Return the data below exactly, please, but drop the pictures.

§ Provided material
----------

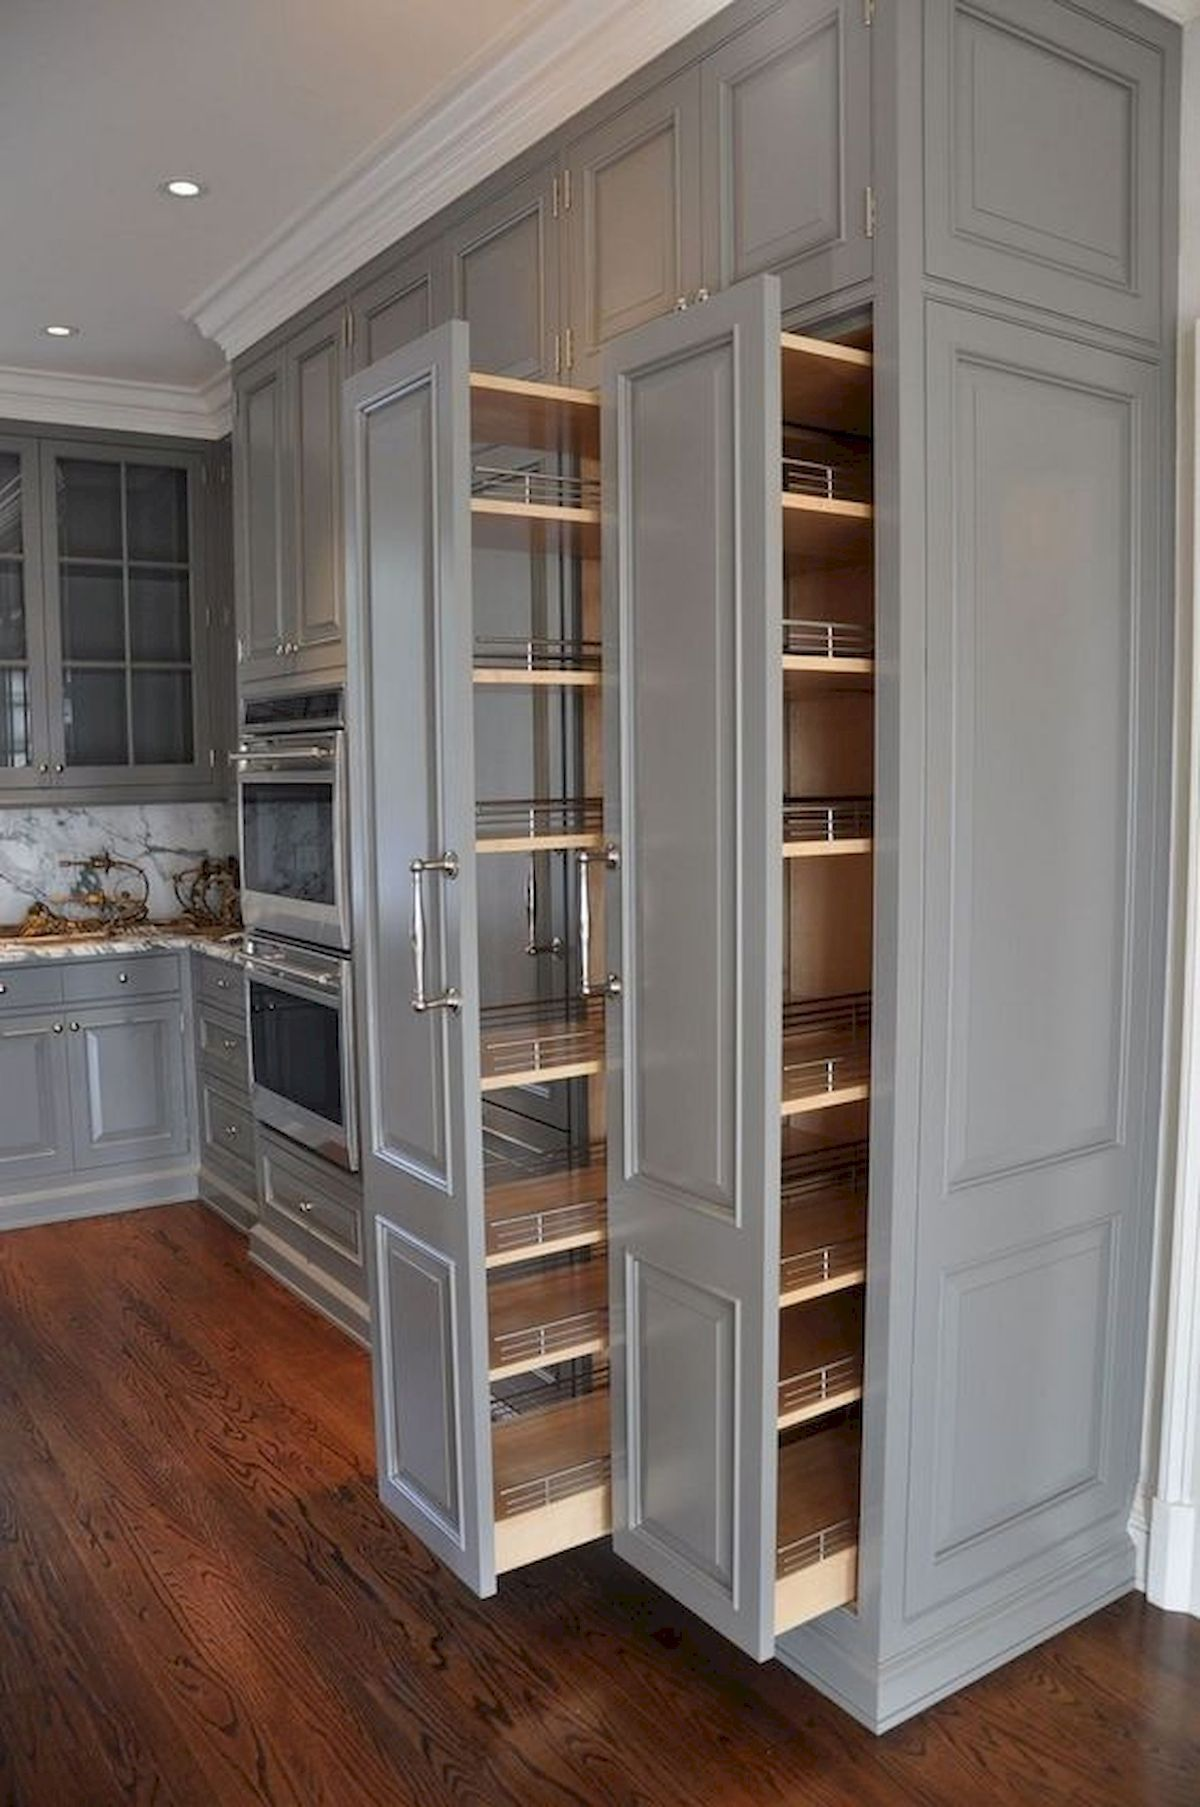 80 Lovely Diy Projects Furniture Kitchen Storage Design Ideas 34 Kitchen Pullout Kitchen Design Kitchen Cabinet Design
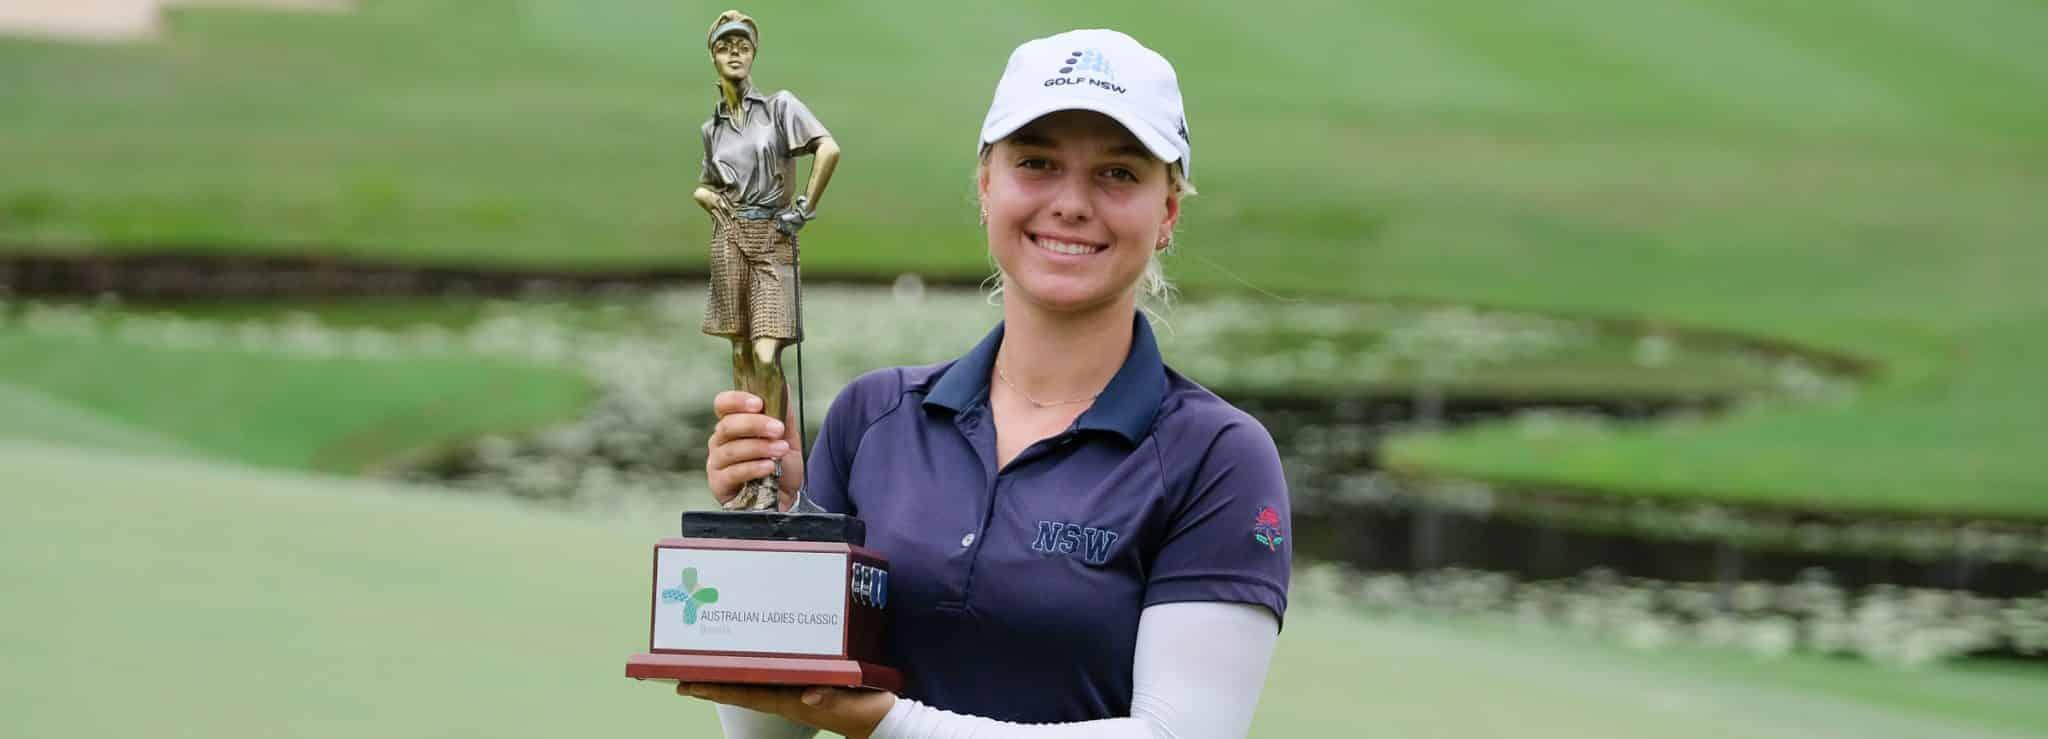 Stephanie Kyriacou holding the Australian Ladies Classic trophy
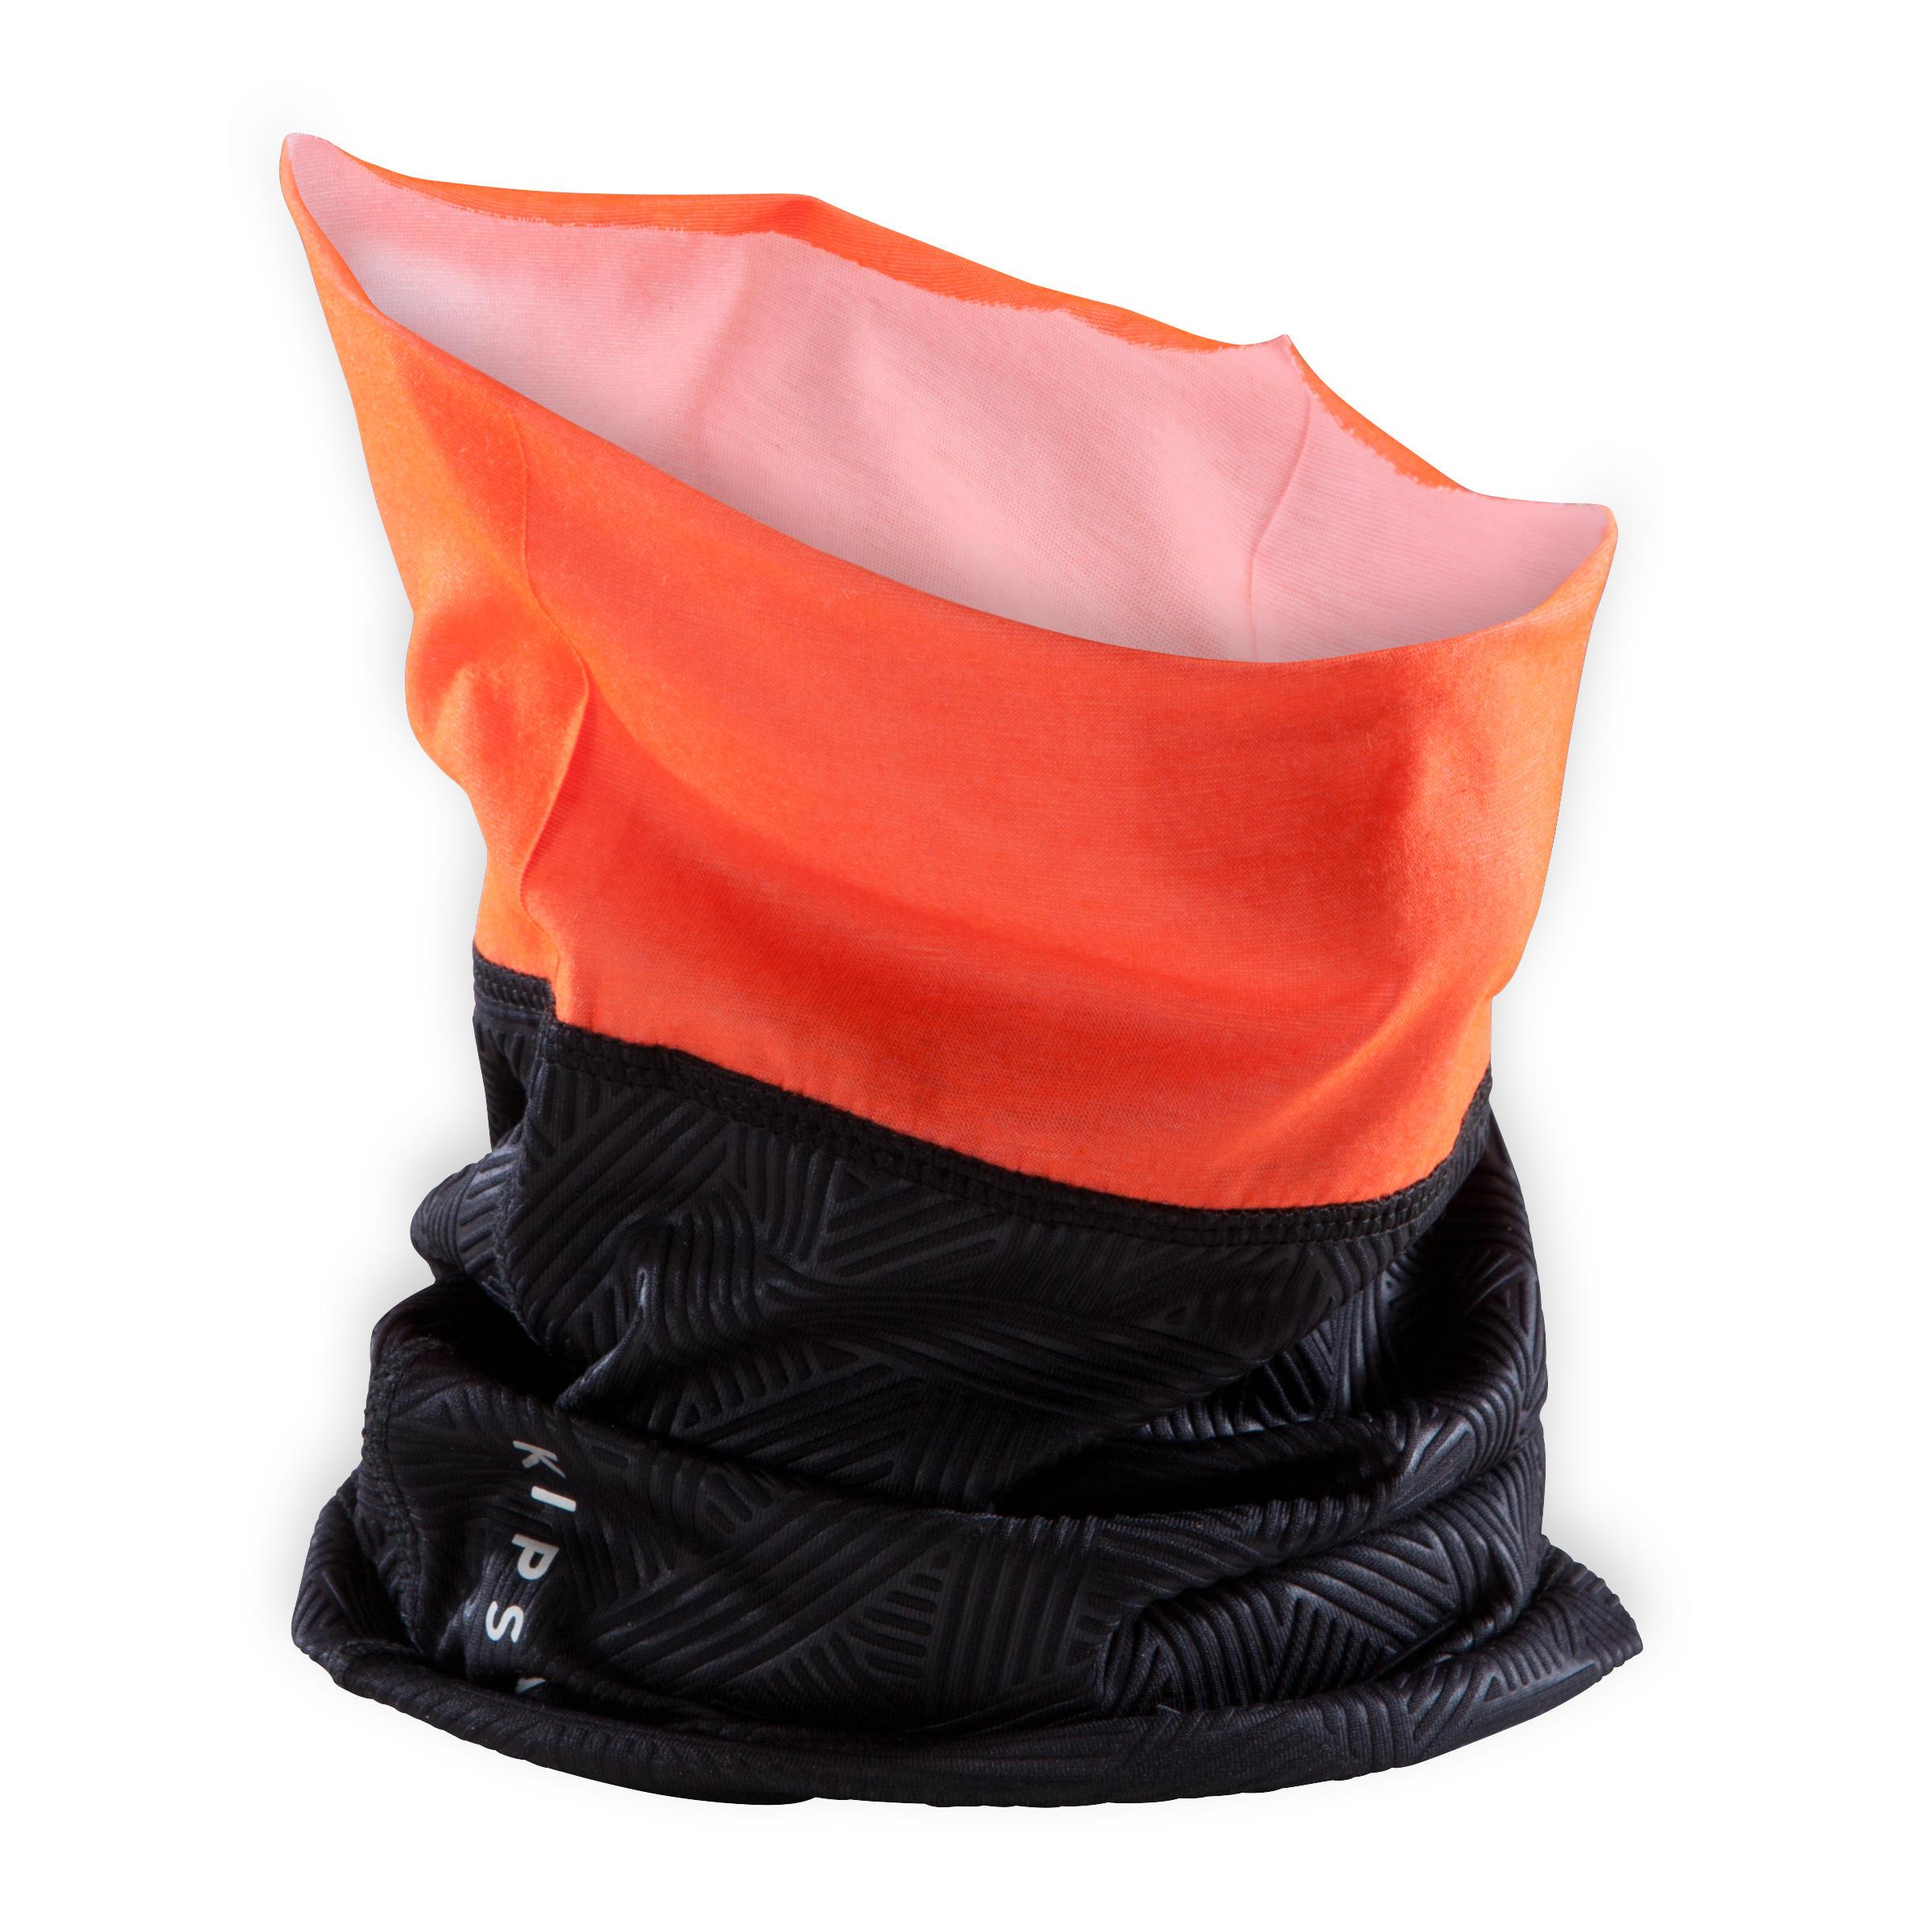 Keepdry 500 Neck Warmer - Neon Orange/Black

----------

§ Solution for this task
 80 Lovely Diy Projects Furniture Kitchen Storage Design Ideas 34 Kitchen Pullout Kitchen Design Kitchen Cabinet Design
 Stephanie Kyriacou holding the Australian Ladies Classic trophy
 Keepdry 500 Neck Warmer - Neon Orange/Black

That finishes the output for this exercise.